As the woman wiped lotion off Jesus’ feet with her flowing hair, the host feels disdain toward him. Jesus the guest has become Jesus the fraud. One guy once told me that merely reading this story makes him feel tense. When I asked him what he would have done if he had been Jesus, he was quick to answer, “Oh, that’s easy. I’d have gotten out there as fast I could have. I probably would have bolted right in front of everyone.”

When presented with a stressful conflict, many people do in fact flee. Most can imagine few things worse than being publicly humiliated. But not everyone flees. A few stand their ground. “Excuse me, Mr. Simon the Pharisee. You and your cronies are sitting here looking down on me and this poor woman. I am one of your guests tonight. Frankly, I don’t appreciate your smirks or your judgment. You owe an apology to both the woman and me.”

Still others freeze. Those in that group go quiet and don’t say anything, even though their stomachs are doing somersaults. Dissociating from reality, they emotionally numb out, solidly embedding themselves deep into the land of numb. If we see someone freeze and ask, “Are you okay?”, they answer from the land of numb: “Sure. Lovely Party.”

At this point you can guess one of the questions I ask those in my seminar. “How do we stay emotionally present when things get tense and we feel out of control?”  Well, what did Jesus do? With a woman wiping lotion from his feet with her hair, and with all eyes in the room on him, Jesus stood and asked the host if he could speak.

The host gave Jesus the floor. With the woman next to him, Jesus told the guests this parable. A certain money lender had two debtors. One owed a debt of nearly two years wages, while the other owed a debt of two months wages.  The moneylender unexpectedly forgave the debt of both debtors.

Looking at his host, Jesus asked which of the two would love the moneylender more. “The one, I suppose, for whom he cancelled the larger debt,” answered Simon the Pharisee.

“That’s right,” Jesus said. Then turning to the woman Jesus said the woman’s debts were significant.  And yet, he said her behavior toward him was prompted solely by deep love and profound repentance.  Turning to Simon, Jesus pointed out that Simon had not given him any of the customary Palestinian greetings when Jesus arrived for the party. The contrast between the woman’s actions and the host’s inhospitality was not lost on any in the room.
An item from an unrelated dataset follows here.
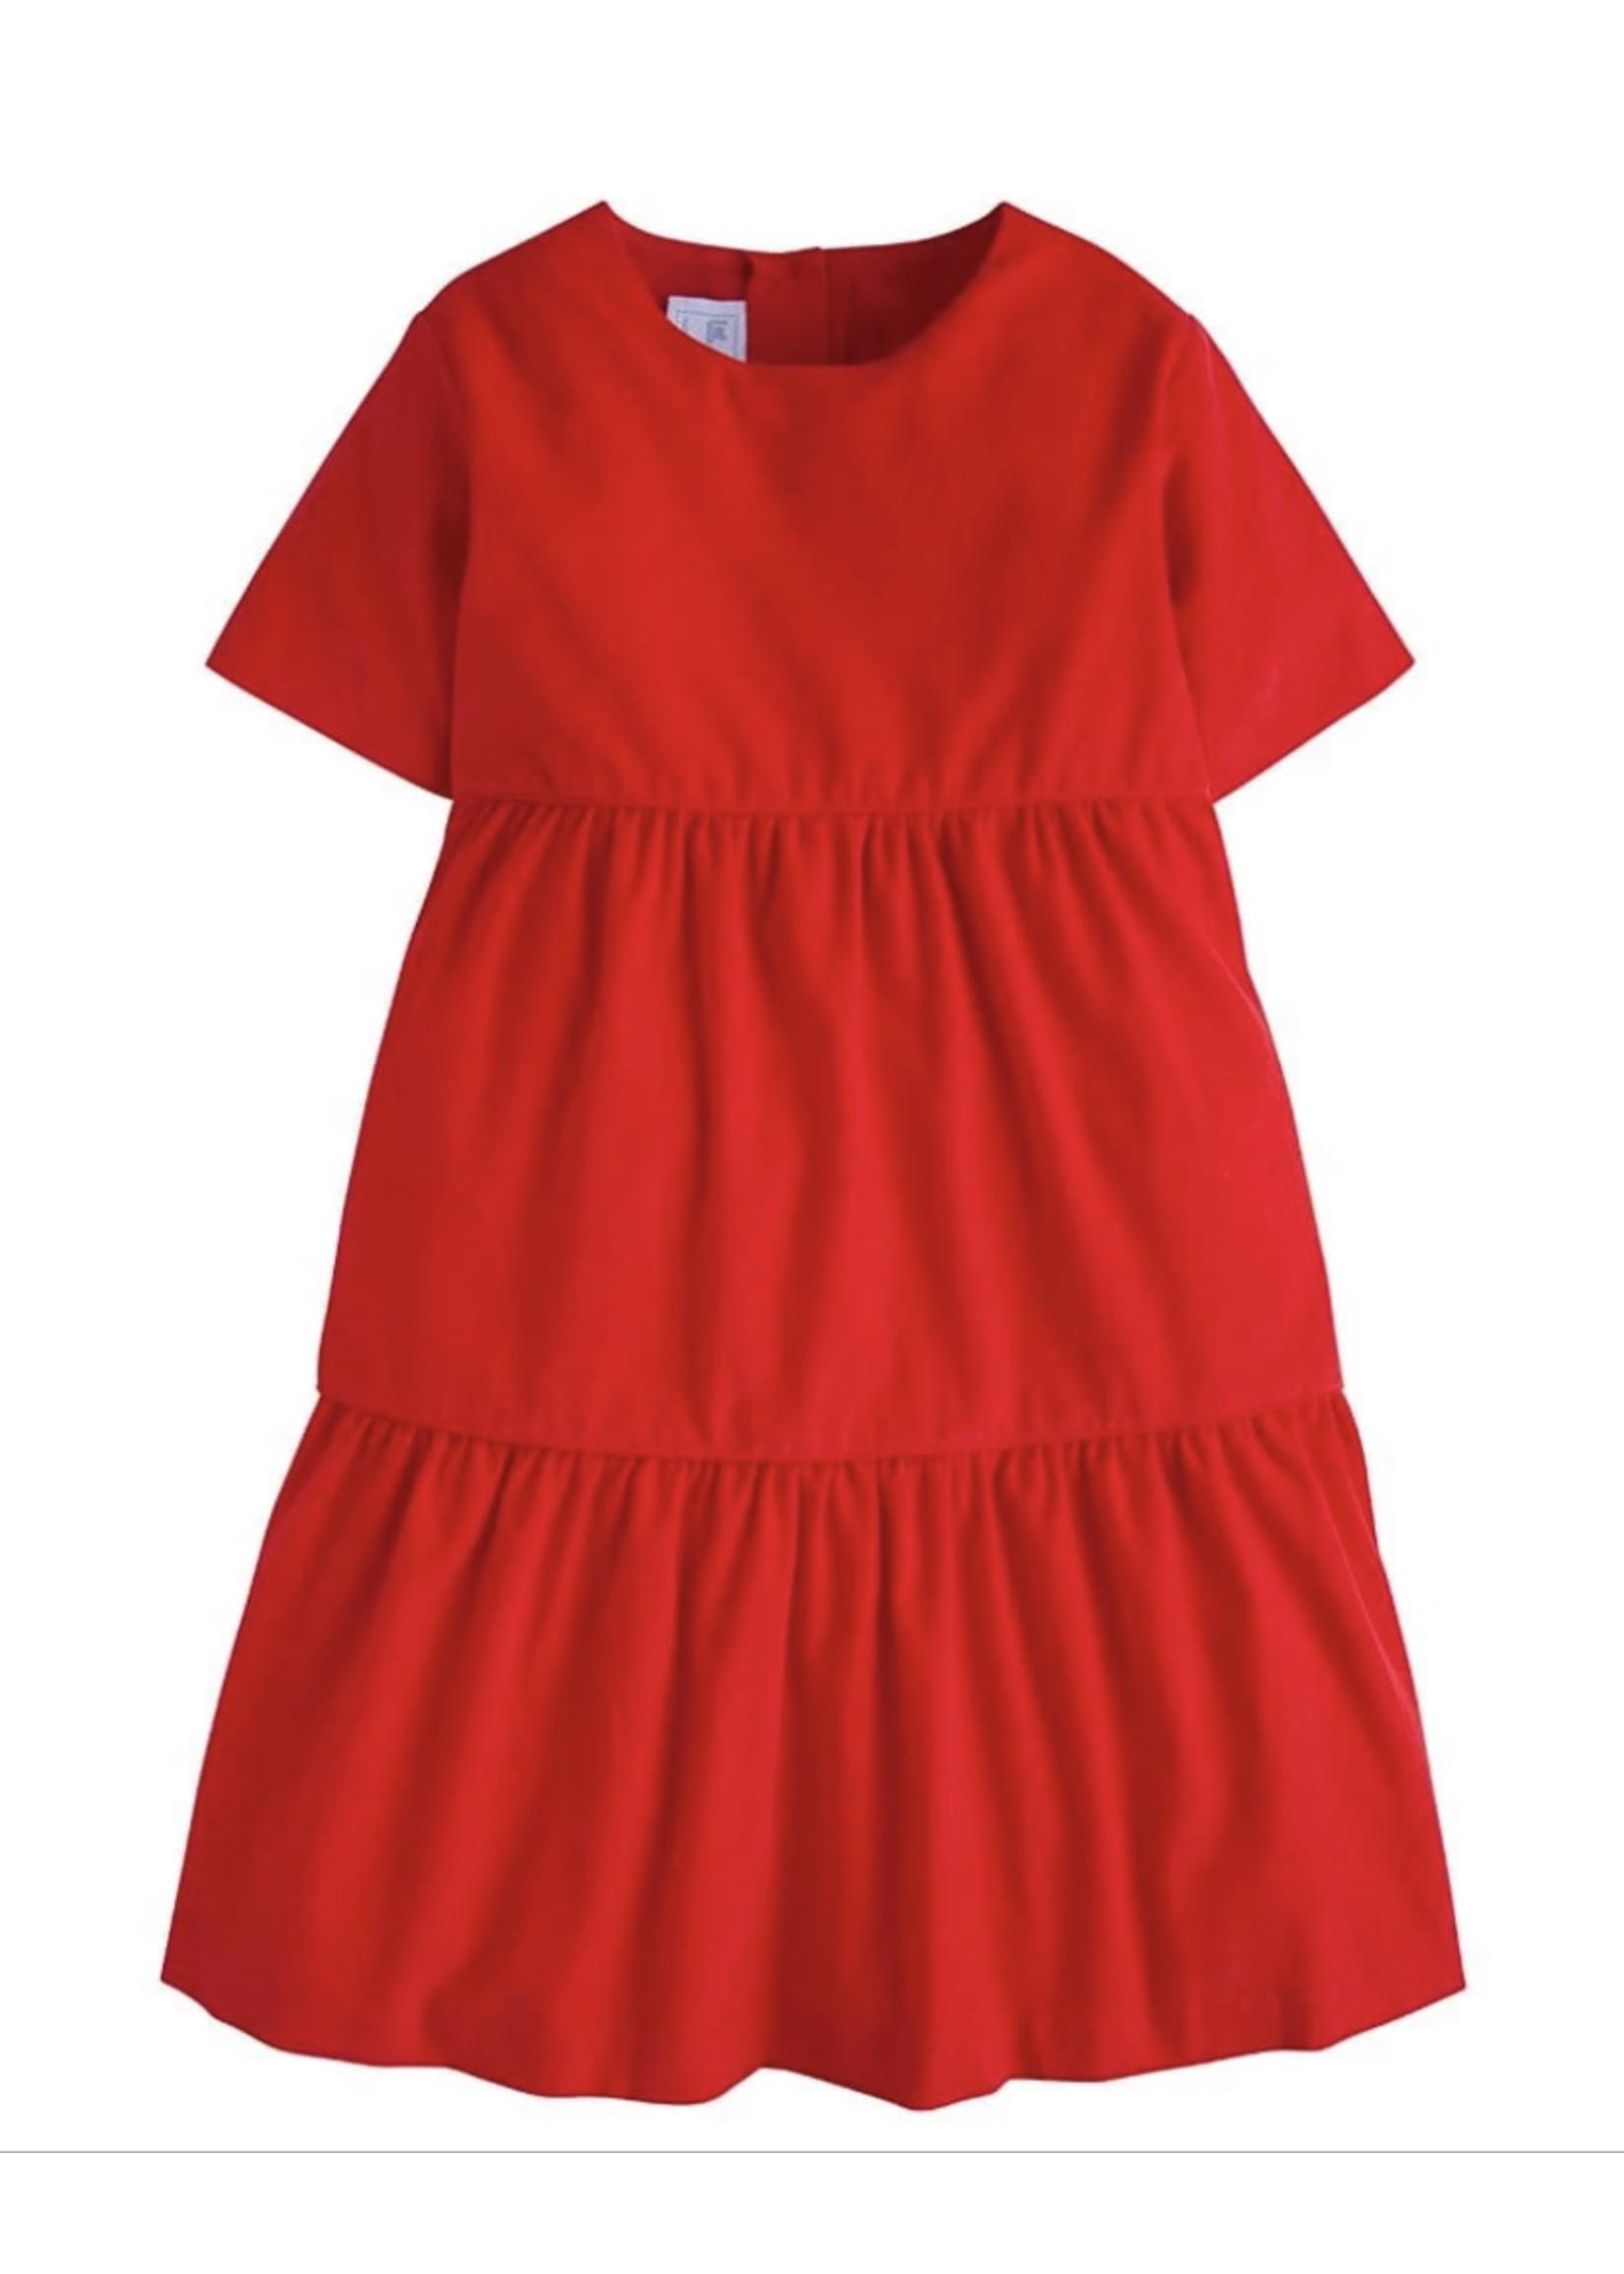 Little English Jillian Red Corduroy Dress

Now let’s be honest. At any given moment in most of our social interactions, we all have many emotions coursing through us – all at the same time! We are happy and sad and angry and ashamed and embarrassed and who knows what else. Though we want to stay calm, speaking the truth with love in stressful predicaments, our emotions get us all jumbled. Sometimes we respond way too defensively. Other times we deny our emotions all together, naively thinking if we sweep emotions under the carpet we’ll be done with them.

We all get caught off guard, just like Jesus did. That’s when we most need to be emotionally present, staying in the ring and remembering that Jesus stayed present and engaged when abruptly overwhelmed by a desperate woman.

Even though his courage made all the guests in the room harrumph with derision, Jesus stayed engaged, standing up for a woman who crashed the party. When we are emotionally present, we have the best chance of doing the right thing, of courageously loving ourselves and others, even when we may have to pay the price of not being liked.